2. The method for extracting polyhydroxy fatty acid esters according to claim 1, characterized in that, The chelating agent mentioned in step S1 includes ethylenediaminetetraacetic acid.
3. The method for extracting polyhydroxy fatty acid esters according to claim 1, characterized in that, The concentration of the chelating agent in step S1 in the reaction system is 0.5-2 g / L.
4. The method for extracting polyhydroxy fatty acid esters according to claim 1, characterized in that, The concentration of lysozyme in the reaction system in step S1 is 0.1-1.5 g / L.
5. The method for extracting polyhydroxy fatty acid esters according to claim 1, characterized in that, The reaction time in step S1 is 15-45 min.

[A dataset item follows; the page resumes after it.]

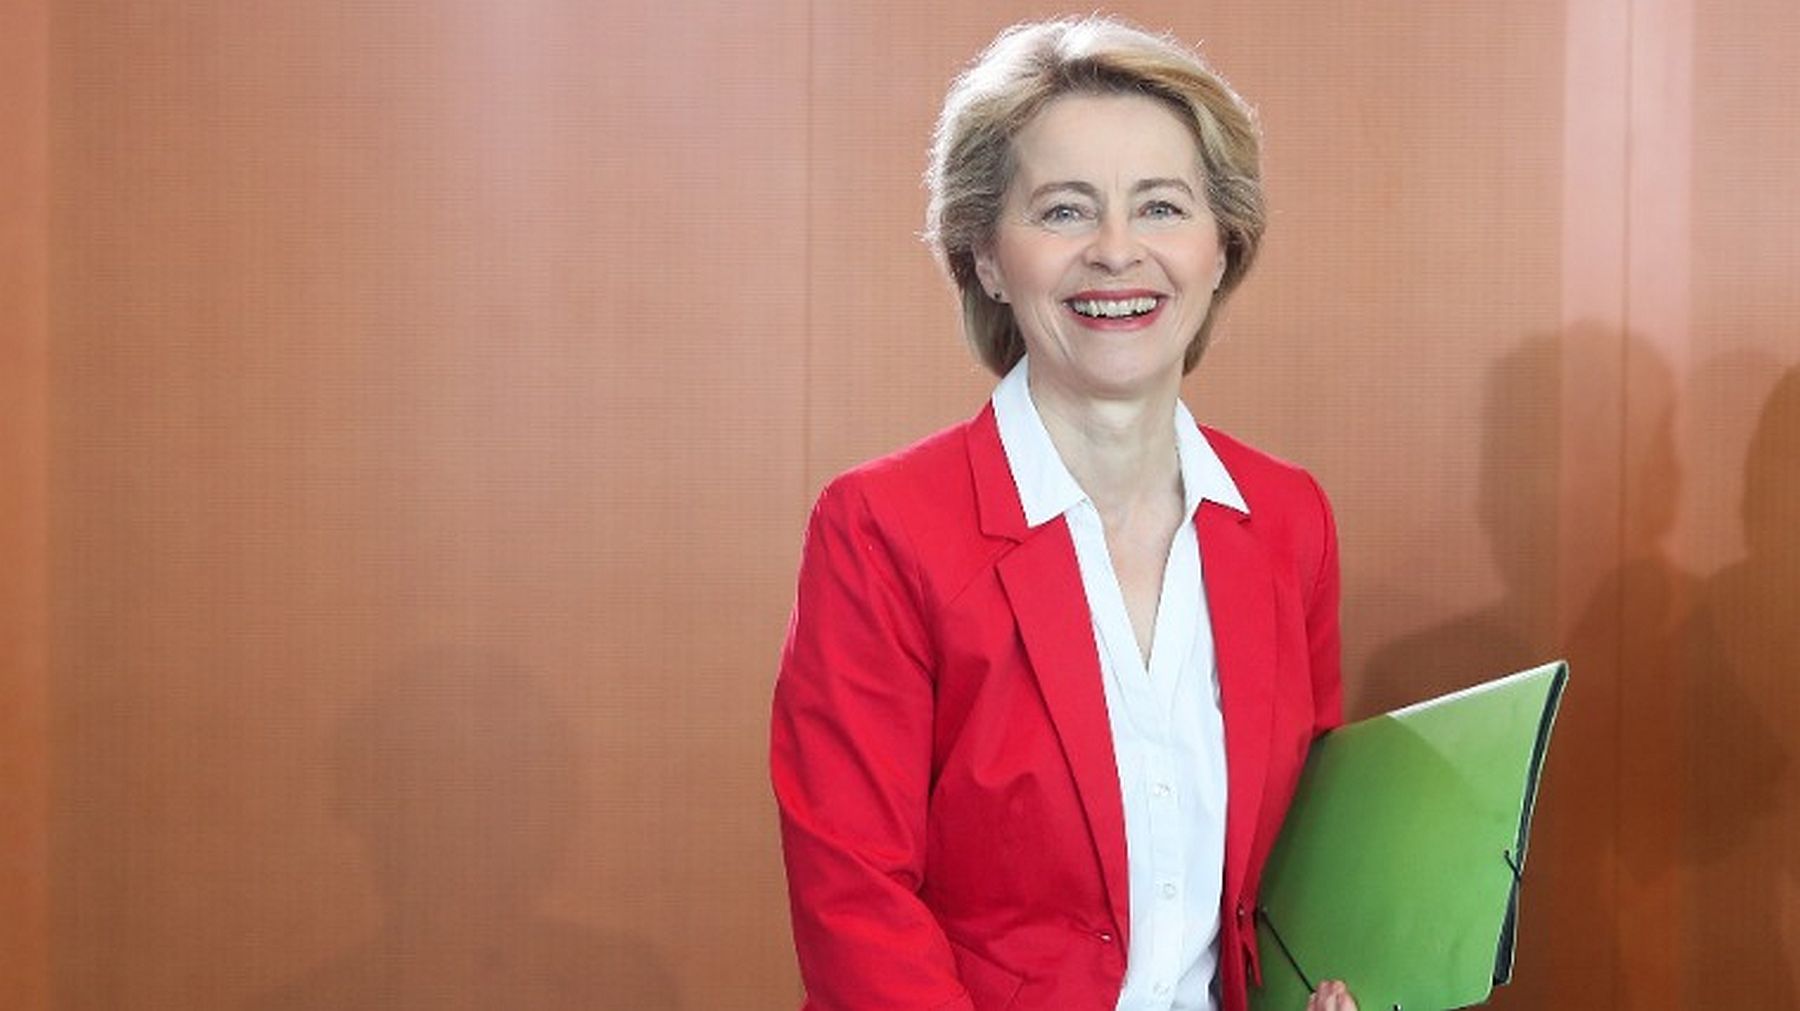 V4 győzelem Brüsszelben - Ursula von der Leyen lehet az Európai Bizottság új elnöke
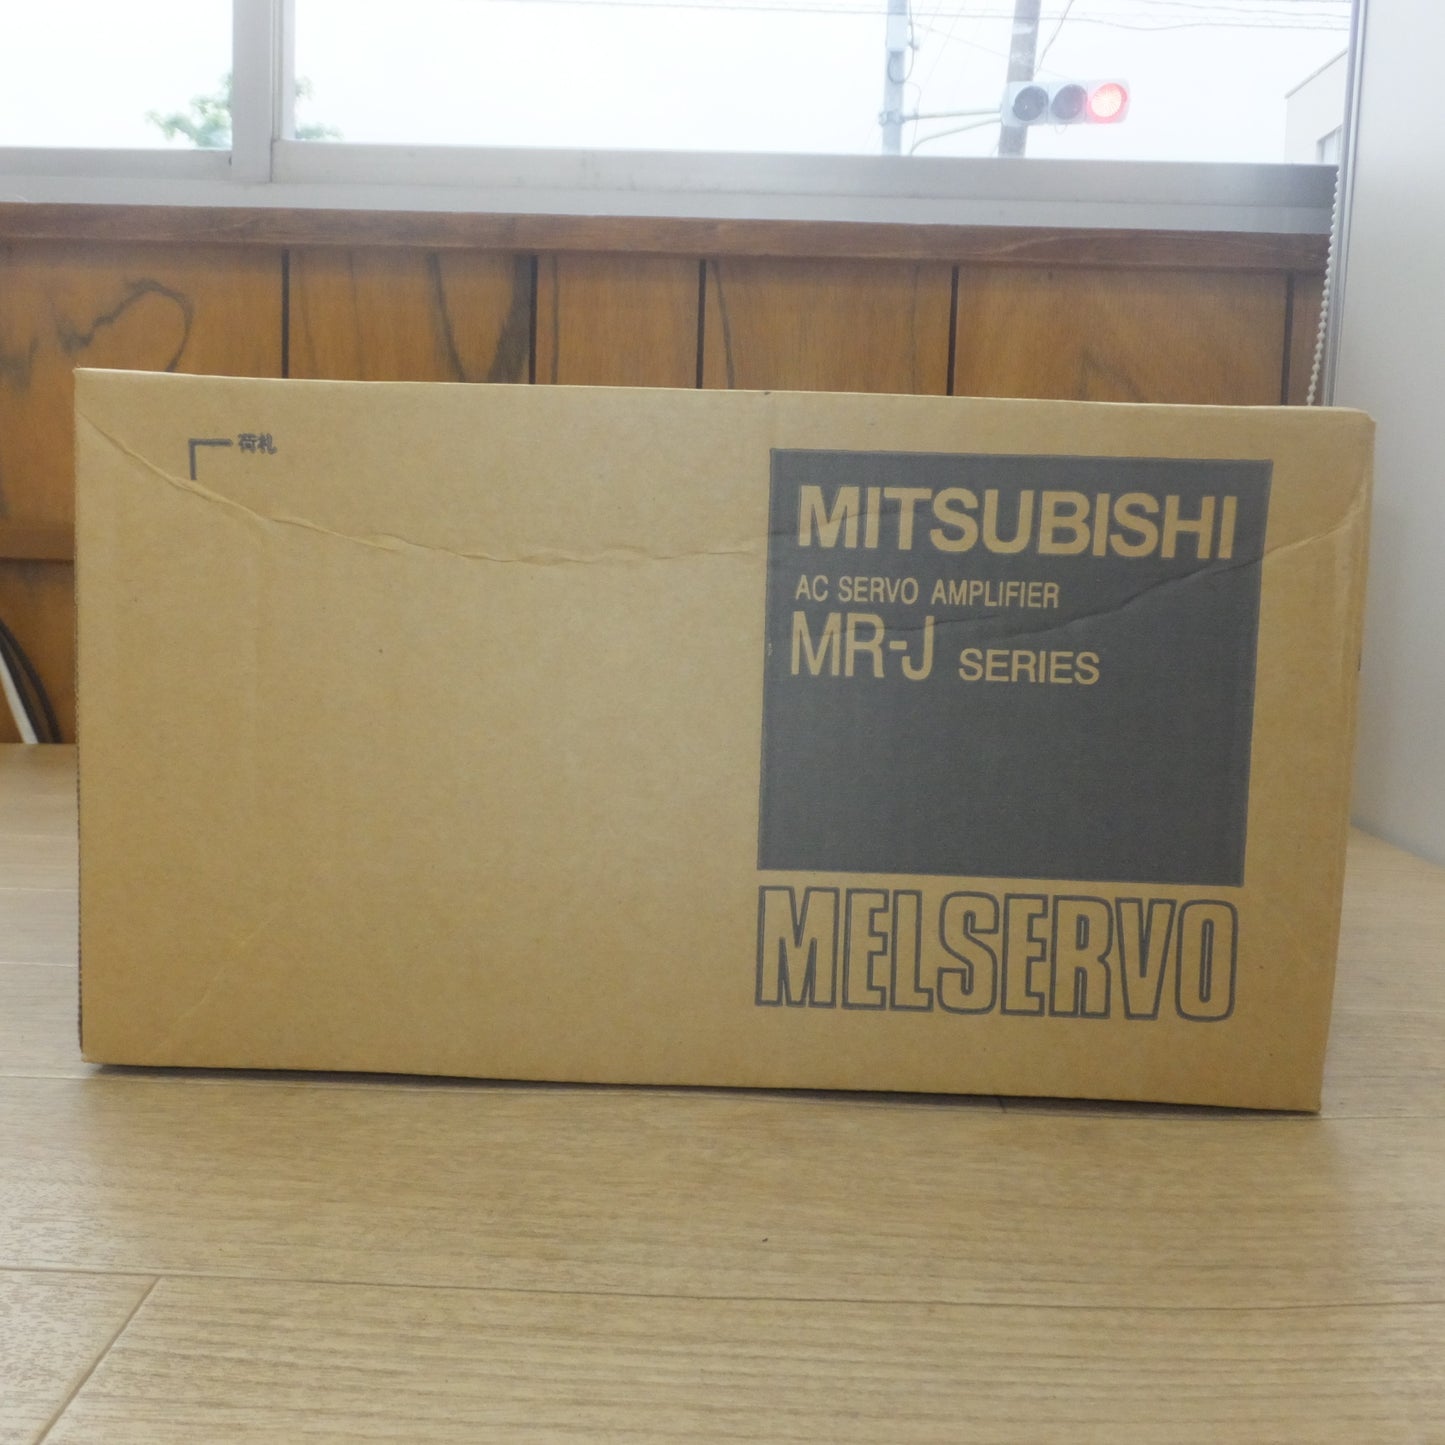 [送料無料] 未使用★三菱 MITSUBISHI サーボアンプ AC SERVO AMPLIFIER MR-J SERIES MR-J2S-500A(4)★

6. The method for extracting polyhydroxy fatty acid esters according to claim 1, characterized in that, The surfactant mentioned in step S2 includes at least one of Triton X-100, Tween-20, and Tween-80.
7. The method for extracting polyhydroxy fatty acid esters according to claim 1, characterized in that, The surfactant in step S2 has a volume percentage of 0.5%-1.25% in the reaction system.
8. The method for extracting polyhydroxy fatty acid esters according to claim 1, characterized in that, The reaction time in step S2 is 1-2.5 h.
9. The method for extracting polyhydroxy fatty acid esters according to claim 1, characterized in that, The pH conditions for the reaction described in step S2 are 6-8.
10. The method for extracting polyhydroxy fatty acid esters according to claim 1, characterized in that, Both steps S1 and S2 are performed at room temperature.